Each day a couple of soldiers would drive out along the road to the south. Apparently it was not far to a watering hole where game came to drink. They usually returned with the carcass of a deer destined for the kitchen. Game was plentiful because no hunting was going on. Before the problems with Angola and the dispute about Namibia, South African and other game hunters came to hunt leopards. A pride of lions lived further south where the Sand River flowed underground from the Kalahari Desert. After each rainy period, water made its way to the coast, out of sight, hidden beneath a foot or two of sand. A herd of elephants lived in the Sand Desert. They smelled the water and using their tusks and trunks, dug holes in the sand to uncover the water flowing beneath. All the wildlife shared water at the convenience of the bug tuskers. Inland, nomadic tribes followed the herds of antelopes in the Kalahari.

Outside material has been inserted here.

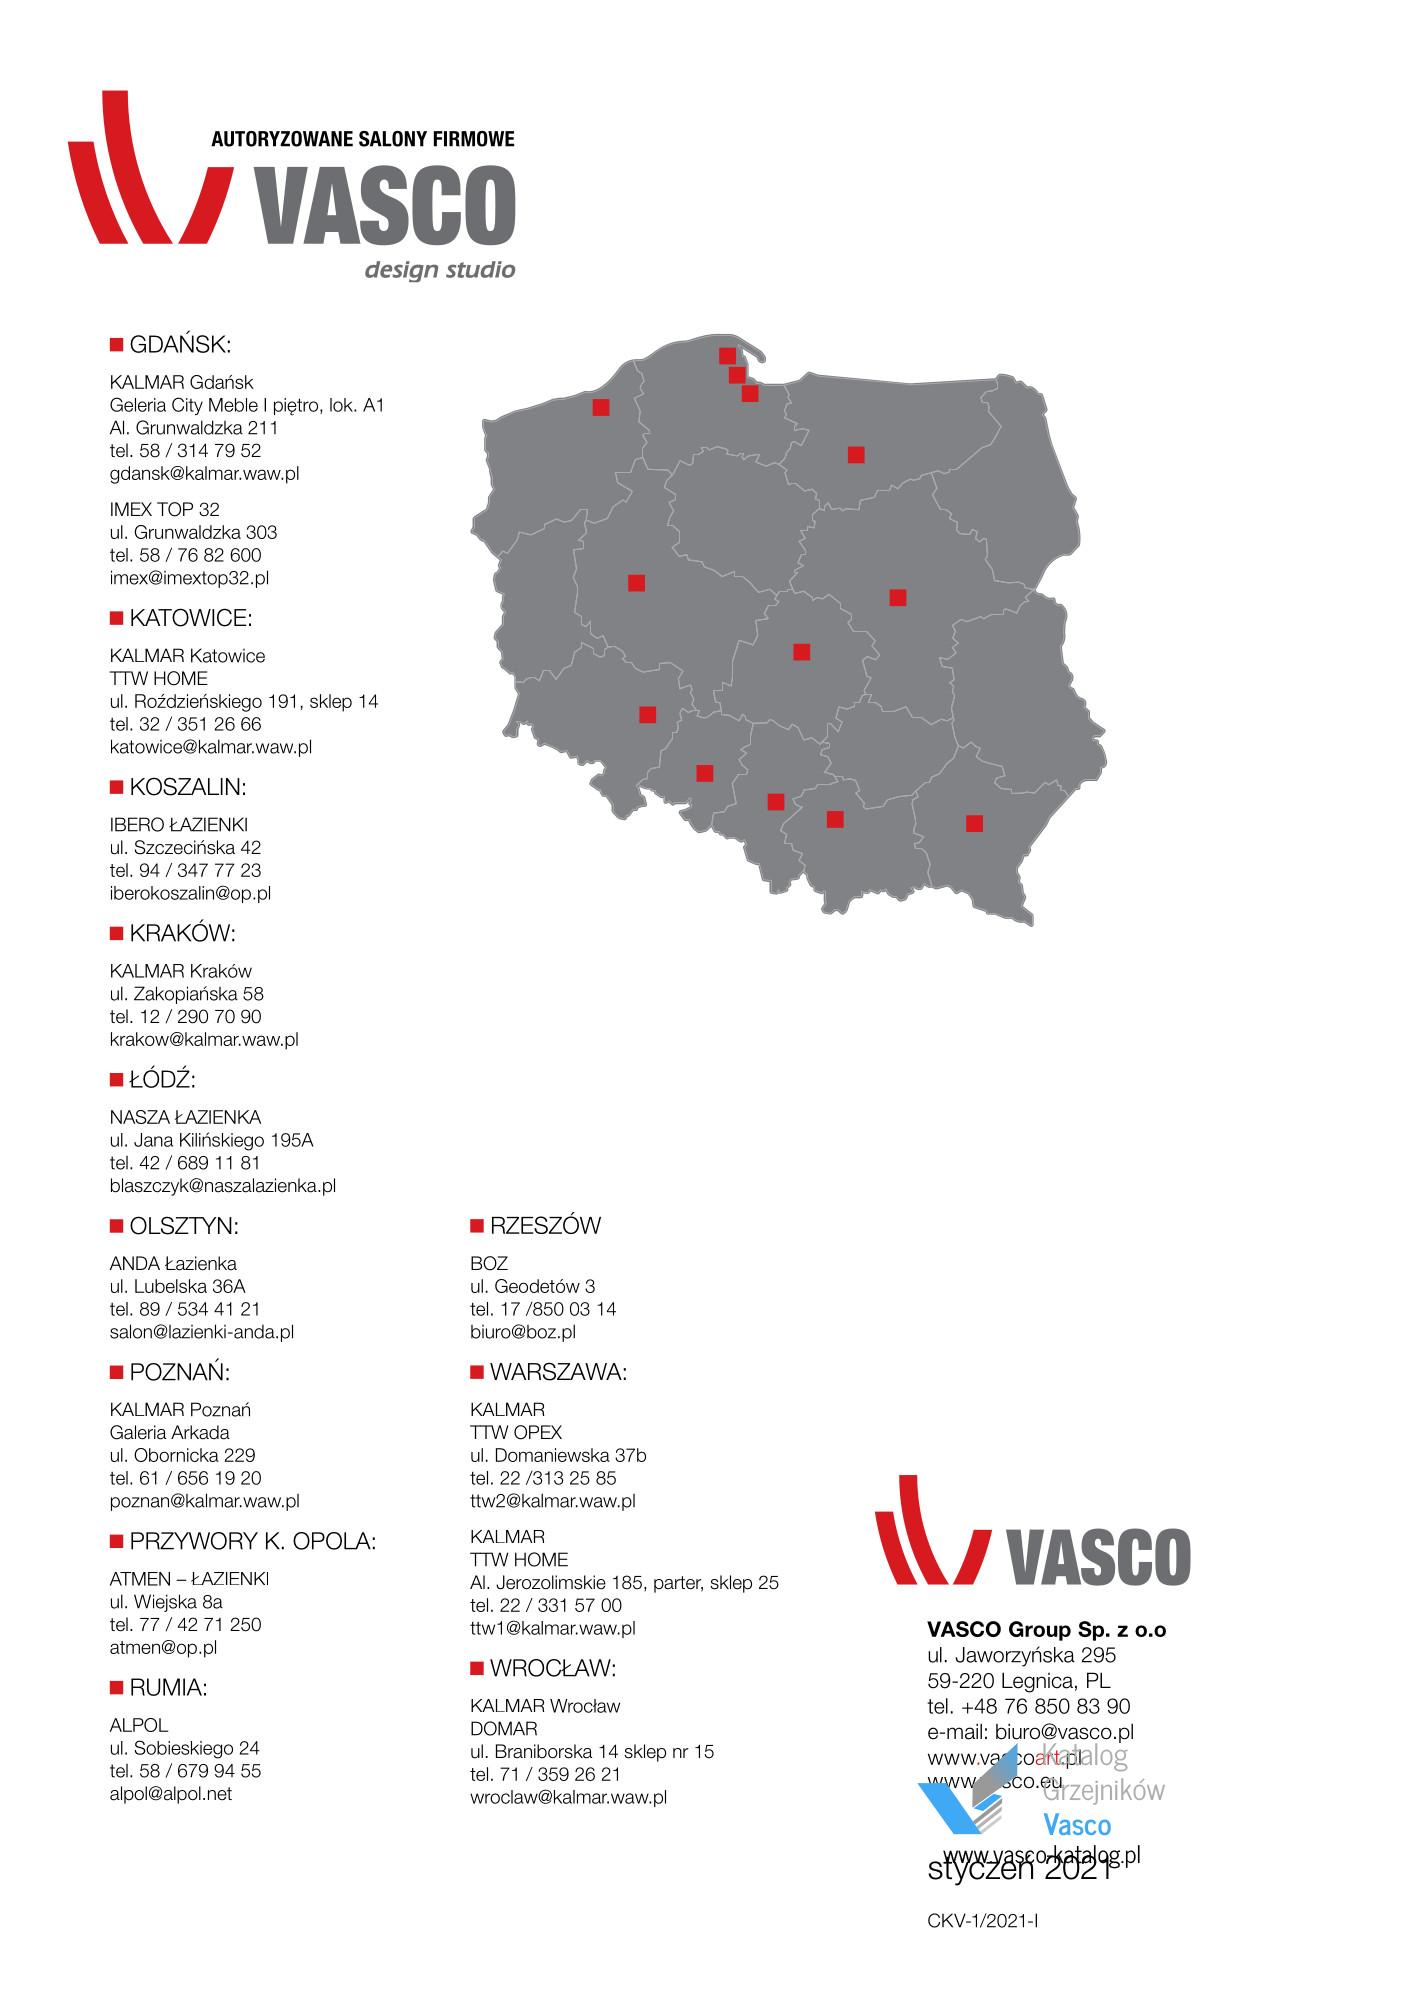 Katalog Vasco 2021 - Autoryzowane salony firmowe Vasco

A soldier kept a look-out on a derrick-like structure with a canvas roof, supposedly to sound a warning if bad guys were approaching. According to the Sergeant, groups of rebels had come close, usually at night, but chose to leave, driven off by the powerful searchlight. For the most part the South African Army unit was made up of young conscripts, doing a two year stint. They were mostly Boers, speaking Africaans, a mainly Dutch language, but all knowing English. They came from farming communities in the Transvaal. All of them spoke English but with a distinct nasal twang. Growing up under apartheid rule they had a siege mentality, being outnumbered ten to one, they feared being overrun by blacks from the cities. The blacks who lived and worked on their family's farms were comfortable, not a security threat. Restless young blacks who'd left farms and gone to work in the cities sent back stories about what dangerous places they were.

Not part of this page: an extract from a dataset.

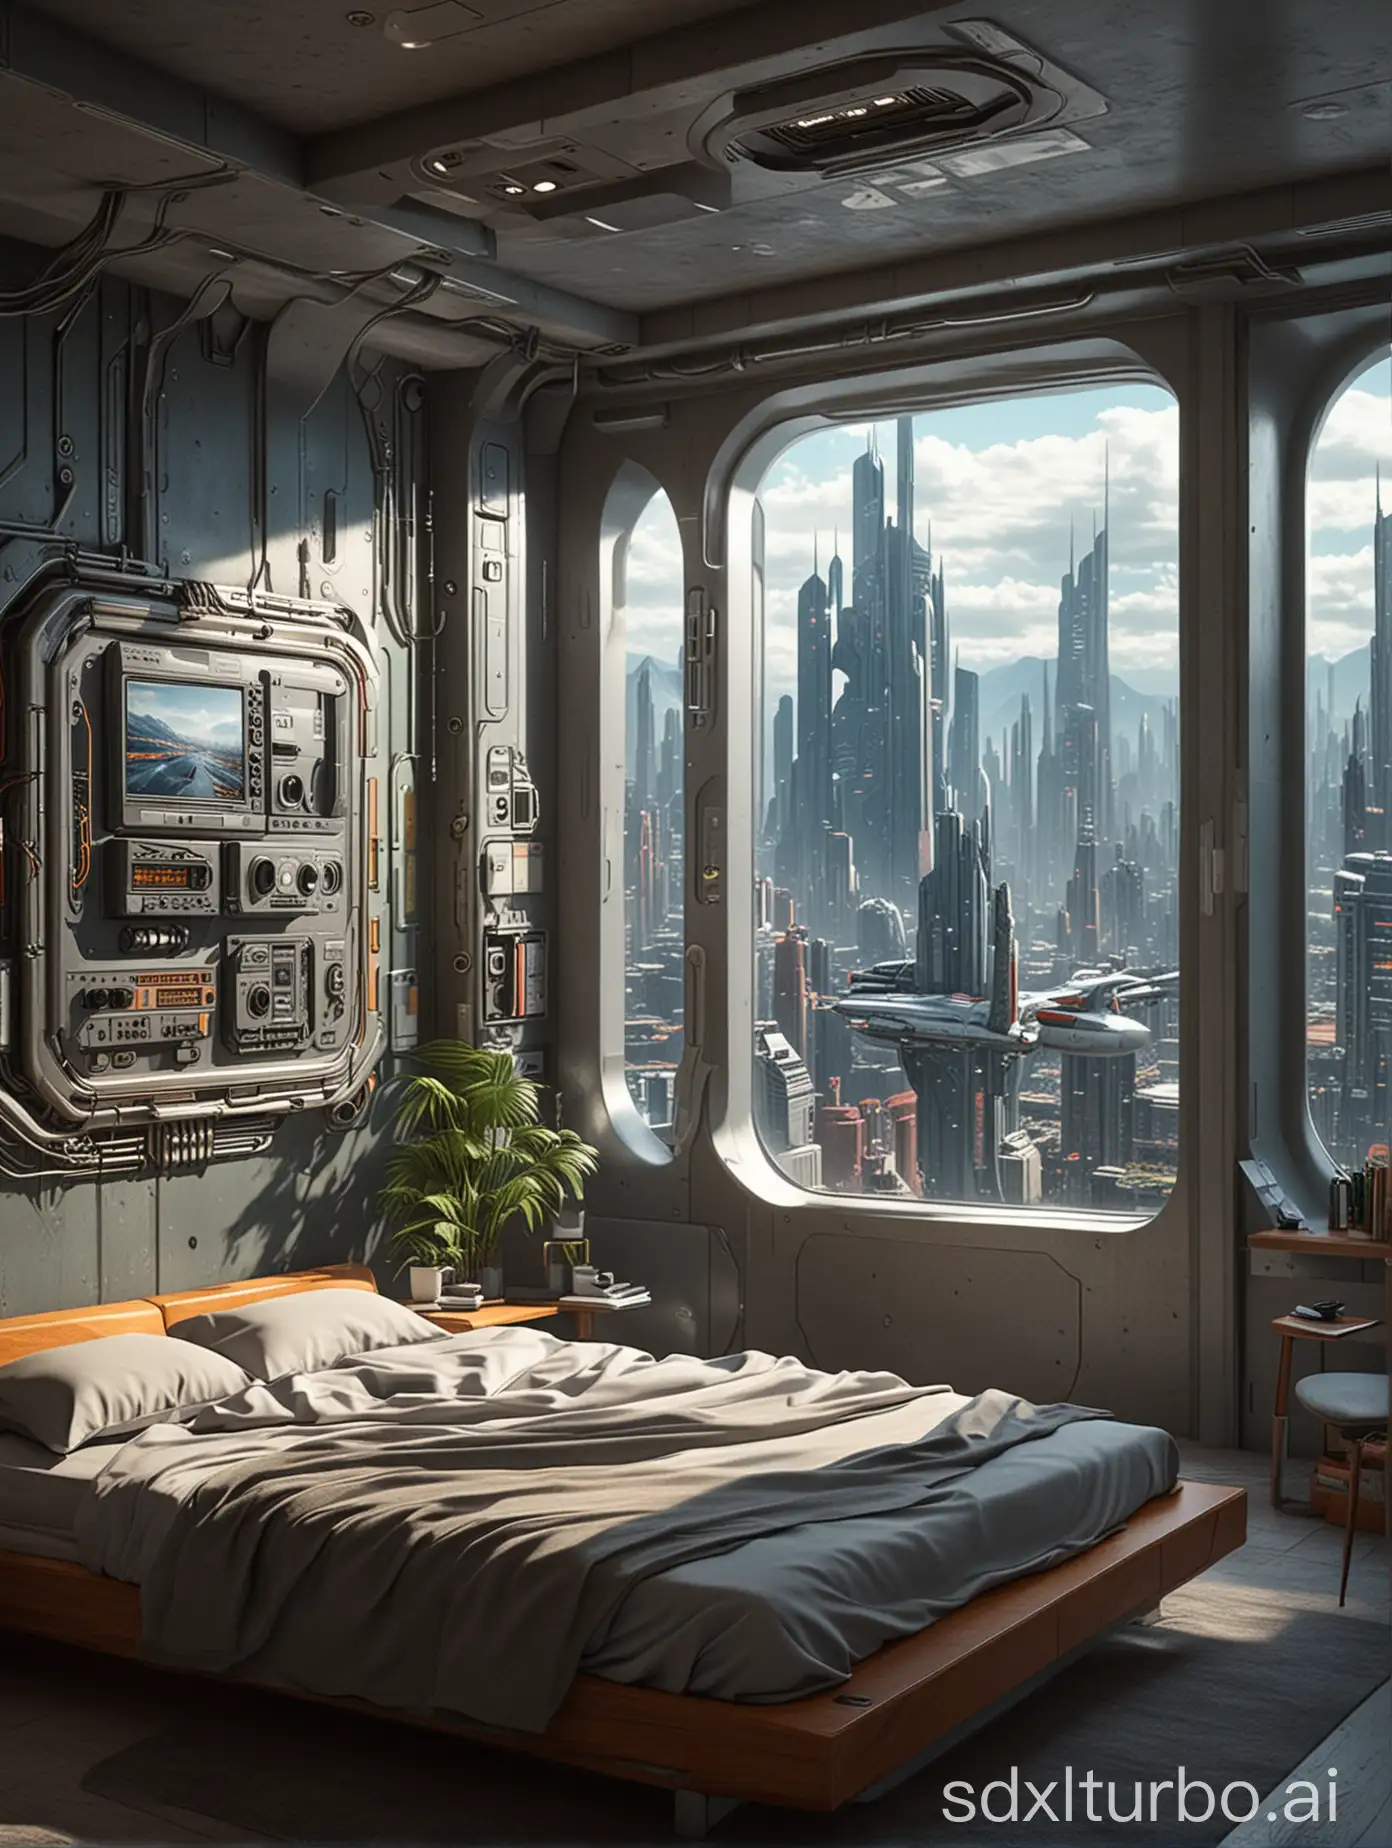 Futuristic-SciFi-City-Bedroom-View

The Government had built black townships around Cape Town, Durban and Johannesburg. These tracts of cinderblock houses were designed to keep the races separate. Trains carried workers from these townships into the cities where they were the labor pool. Every white family had black helpers, running the household, cleaning, cooking, child raising, gardening and functioning as de facto parents. Factories and mines used black labor and the miners were brought in on six month contracts, living in mine-provided dormitories. At the end of their contracts they were paid a lump sum of wages and given a bus ticket back to their tribal homes. This formula worked because in their villages they lived on subsistence farms, small landholdings run by their families during their work absence. Large farms were owned by whites using black labor and providing housing in groups of kraals, circular mud houses with thatched roofs, something like the plantations of the old South.

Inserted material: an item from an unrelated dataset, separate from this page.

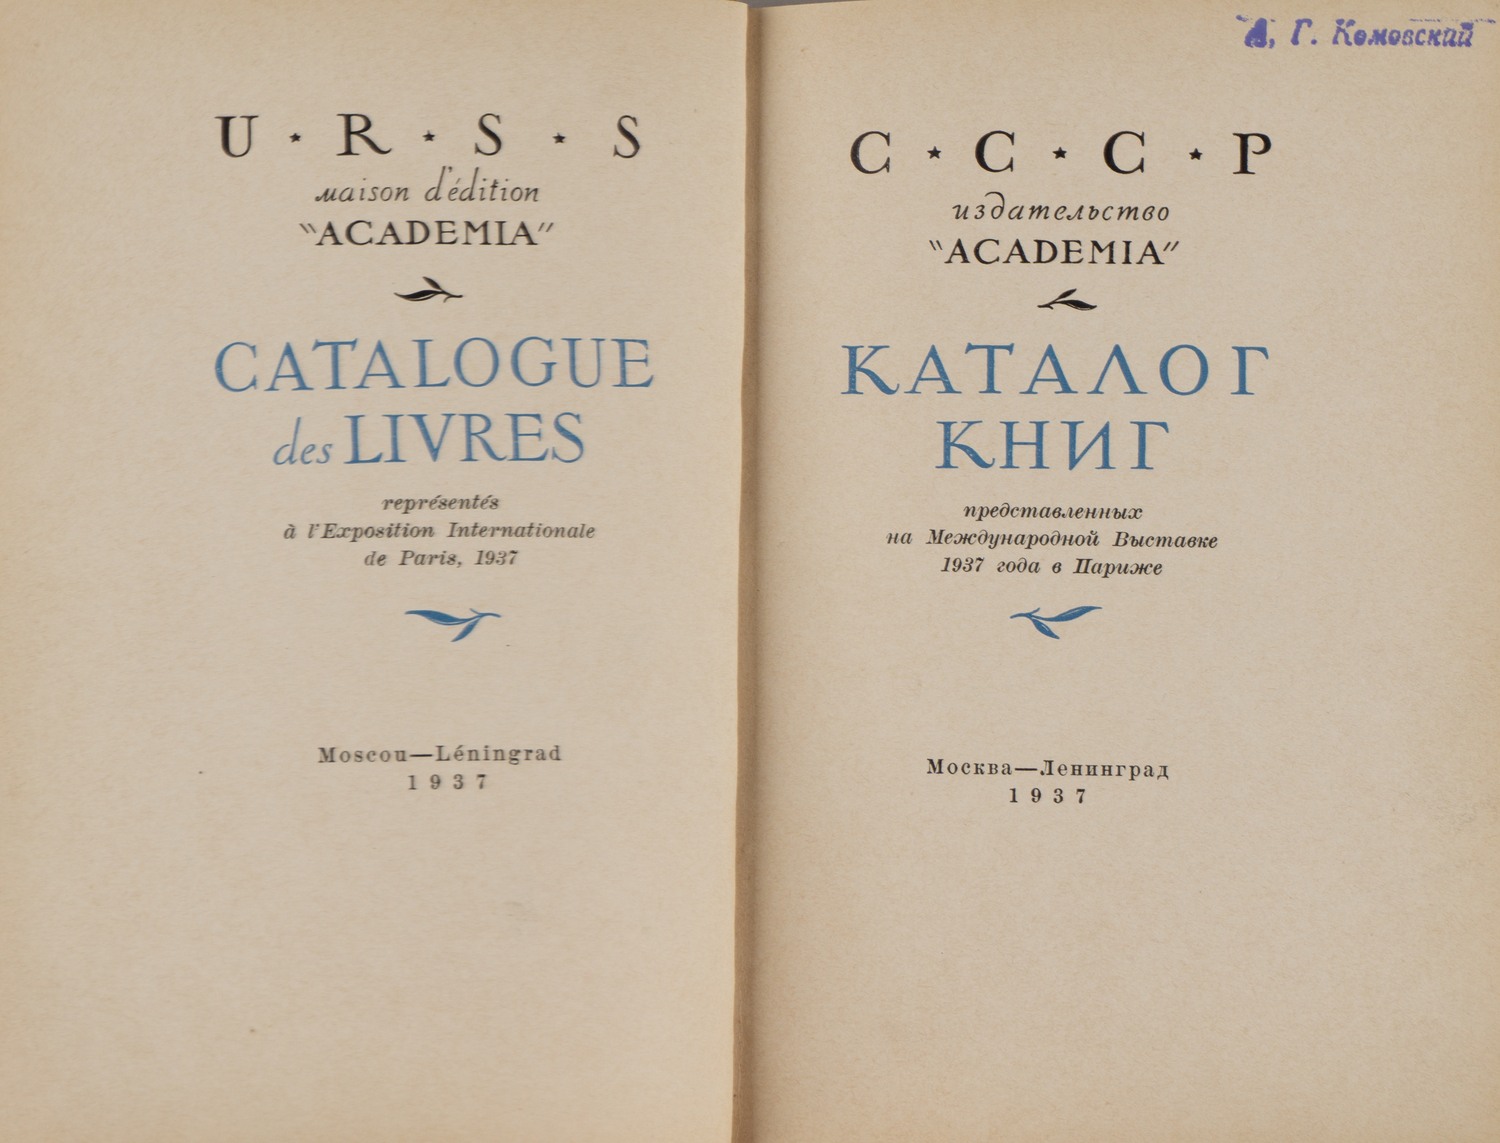 СССР. Издательство «Academia». Каталог книг, представленных на Международной выставке 1937 года в Париже (М.-Л., 1937).

Sensing my restlessness, Sergeant Nils Alborg suggested I go on the next food gathering outing. I jumped at the chance to see the country and the wild animals coming to the drinking hole. The four by four truck had a back seat. I climbed in with the game hunting soldiers and we set out heading south. After staying on the road for a few miles the driver turned inland on a track running alongside a grove of trees. Up ahead a pool of water came into view. The driver stopped the truck and we got out and climbed a path leading to an overhang above the water hole. Settling ourselves, we waited for game to come down to drink. As the sun began to decline, signs of life began to appear in the scrub around the water. The soldier to my right, Jan, touched my sleeve and pointed to a deer standing tentatively near the edge. He showed me a couple more further into the bushes.

He whispered, "They are all waiting for someone else to make the move to the water."

Our stealth paid off when a gazelle walked to the water and began lapping. Emboldened by no lions springing out, other creatures followed. Pretty soon the pond was surrounded by thirst quenching animals and my other soldier companion took careful aim and fired. The sharp crack of the rifle scattered every animal except for the one lying dead in the water, its blood seeping in a widening circle.

My guides scrambled down and dragged the deer out of the water opening its belly with their sharp hunting knives. Disemboweling the carcass, leaving the innards for hungry predators to enjoy, they hauled the remains to the truck, lifting them into the flatbed for the journey back to the base camp.

Every day or so a detail would set out on the meat gathering task. Since the young soldiers came mostly from the back country they knew how to hunt. They also knew about killing black insurgents.

My sojourn with the South African Army detachment was exposing me to the big problem which lay ahead. With twenty million or so blacks repressed by apartheid rule and two million whites fearful of a bloodbath if control of the country switched from white to black. There were no blacks in the Army for fear they could become a Trojan horse. The insurgency happening in South Africa was, for the most part, based in Mozambique where training camps welcomed young men fleeing the system and criminals on the run. Trained and equipped with modern weapons they would sneak back into South Africa to commit assassinations, mostly of blacks supporting the apartheid system.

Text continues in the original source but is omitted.